* [INFORMATION SUPPLIED]:
* * * * * * * * *

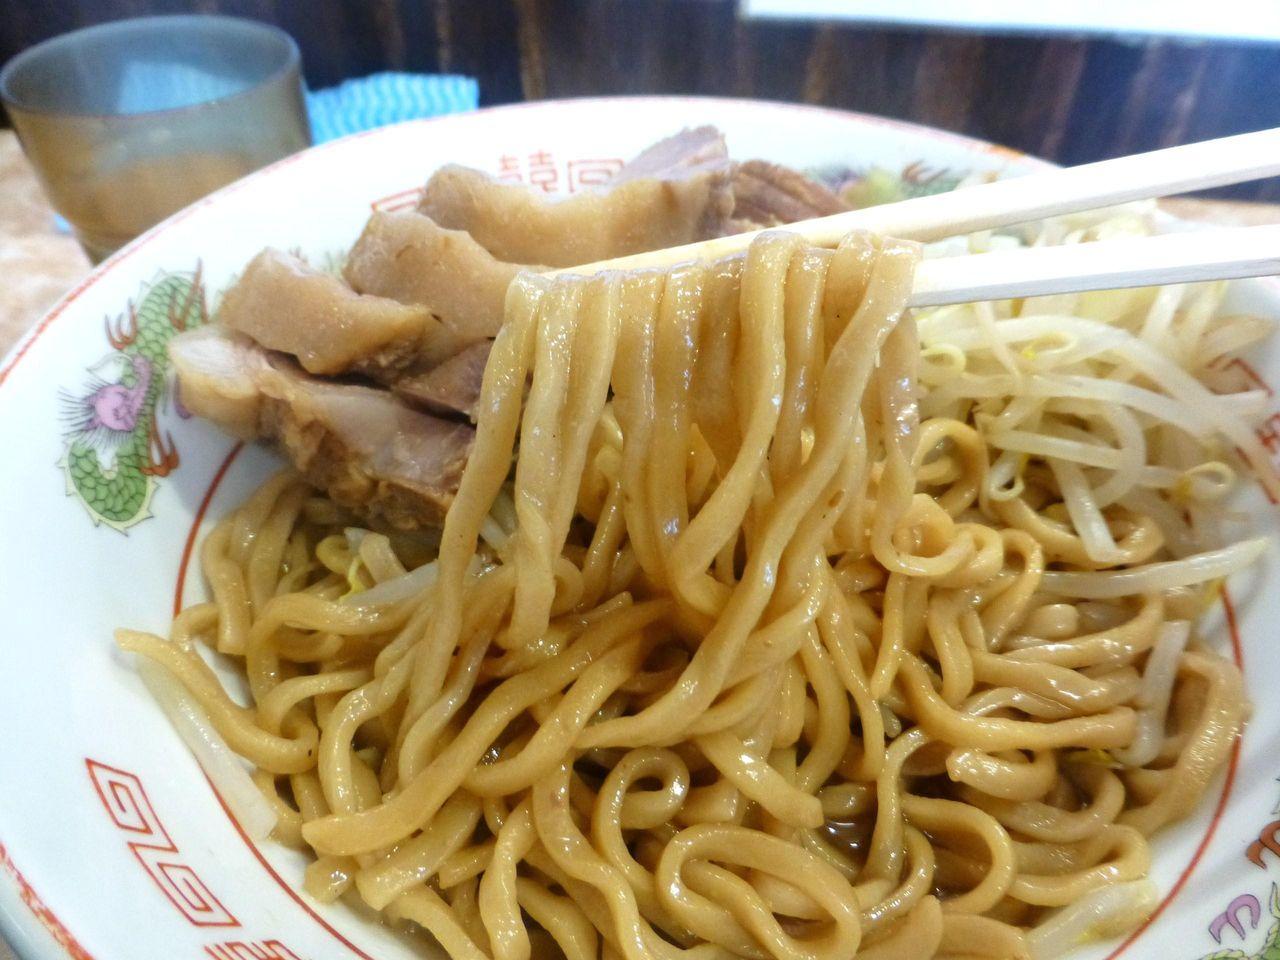 太麺は甘くてしょっぱいコッテリ濃厚な味わい!
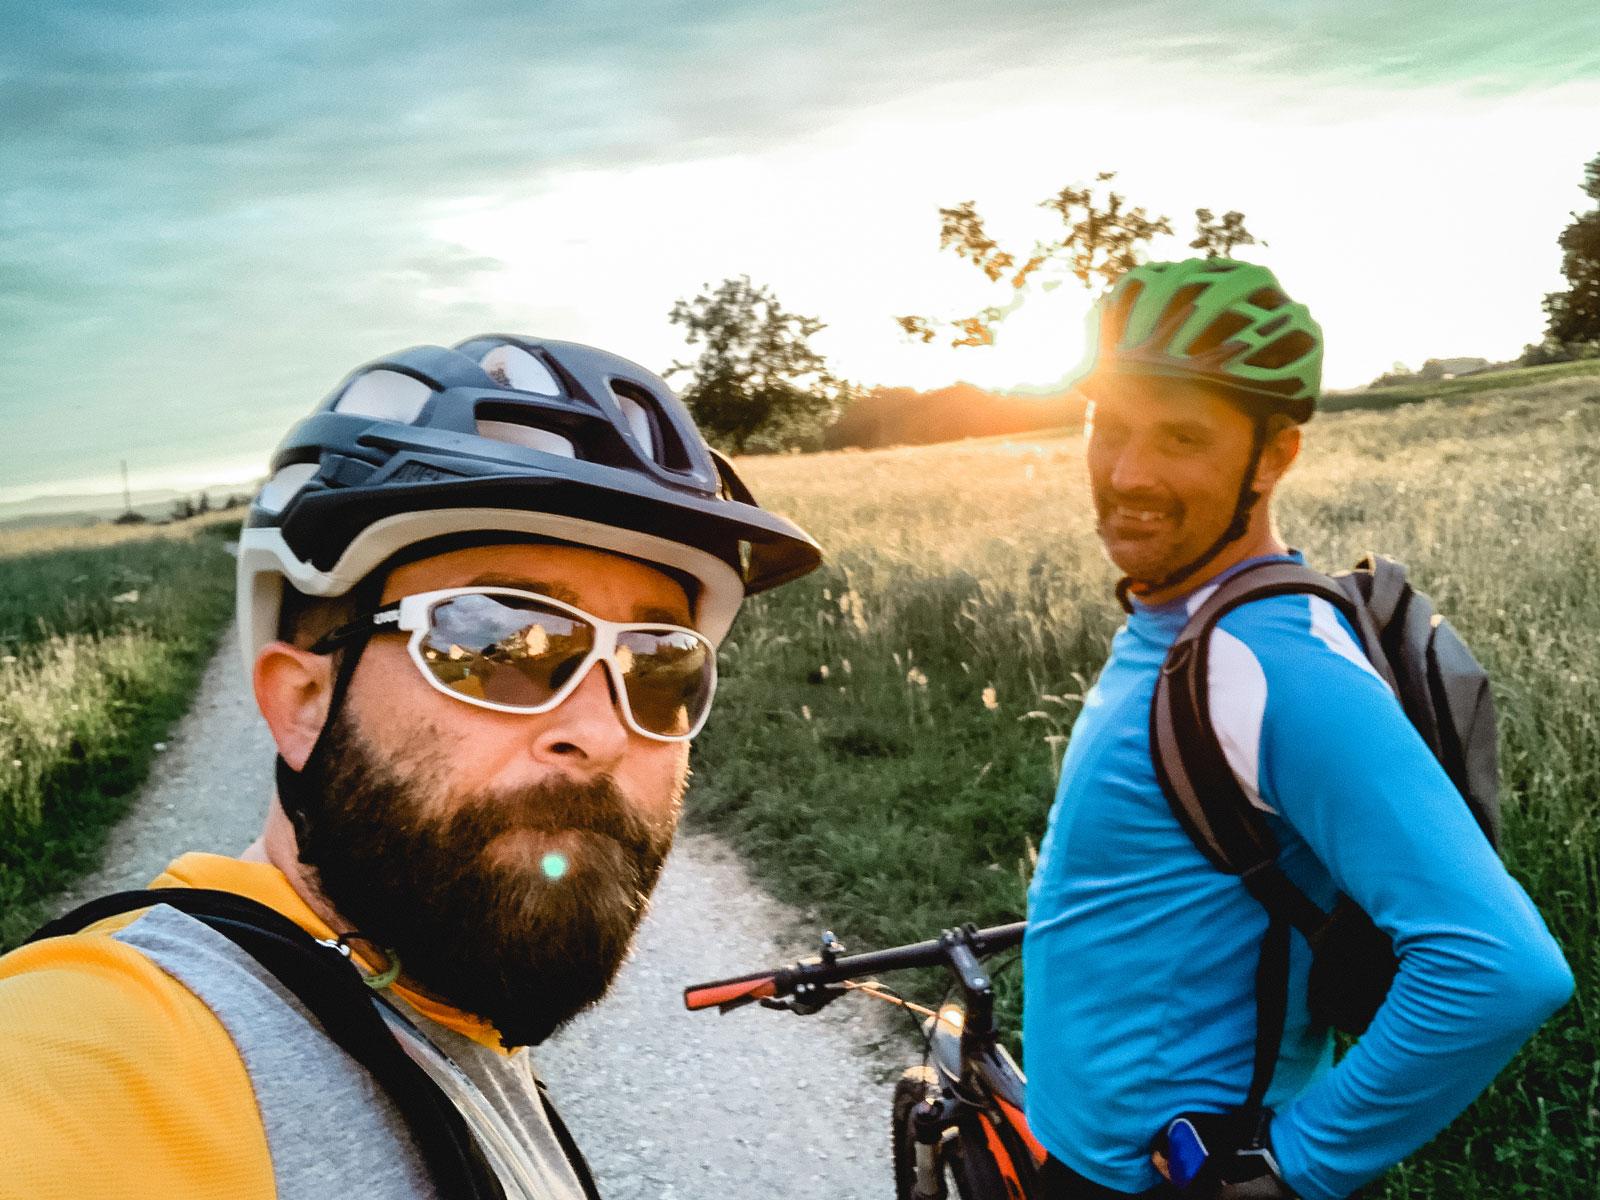 Wer ist Bike4Plausch
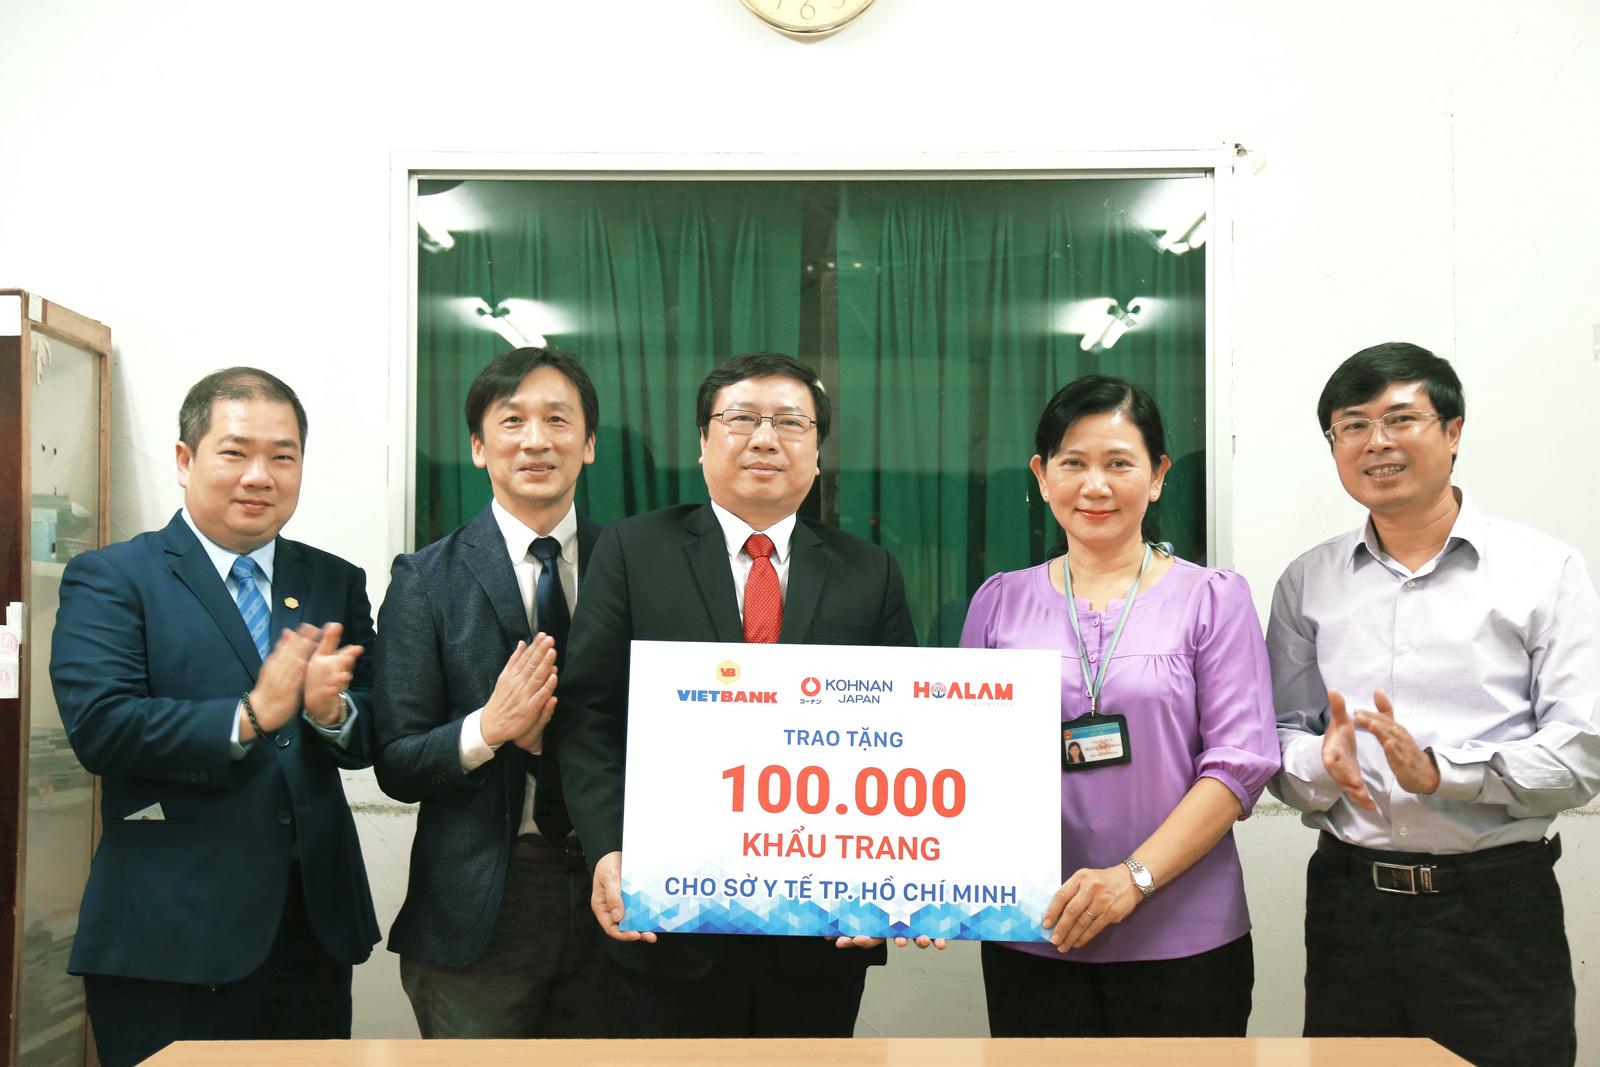 100.000 khẩu trang tài trợ cho Sở Y tế TP. Hồ Chí Minh

* * * * * * * * *

* [WORK ORDER]:
The full text of the data above, exact and without pictures, is what to return.

* [RESPONSE FOR THIS EXERCISE]:
 太麺は甘くてしょっぱいコッテリ濃厚な味わい!
 Wer ist Bike4Plausch
 100.000 khẩu trang tài trợ cho Sở Y tế TP. Hồ Chí Minh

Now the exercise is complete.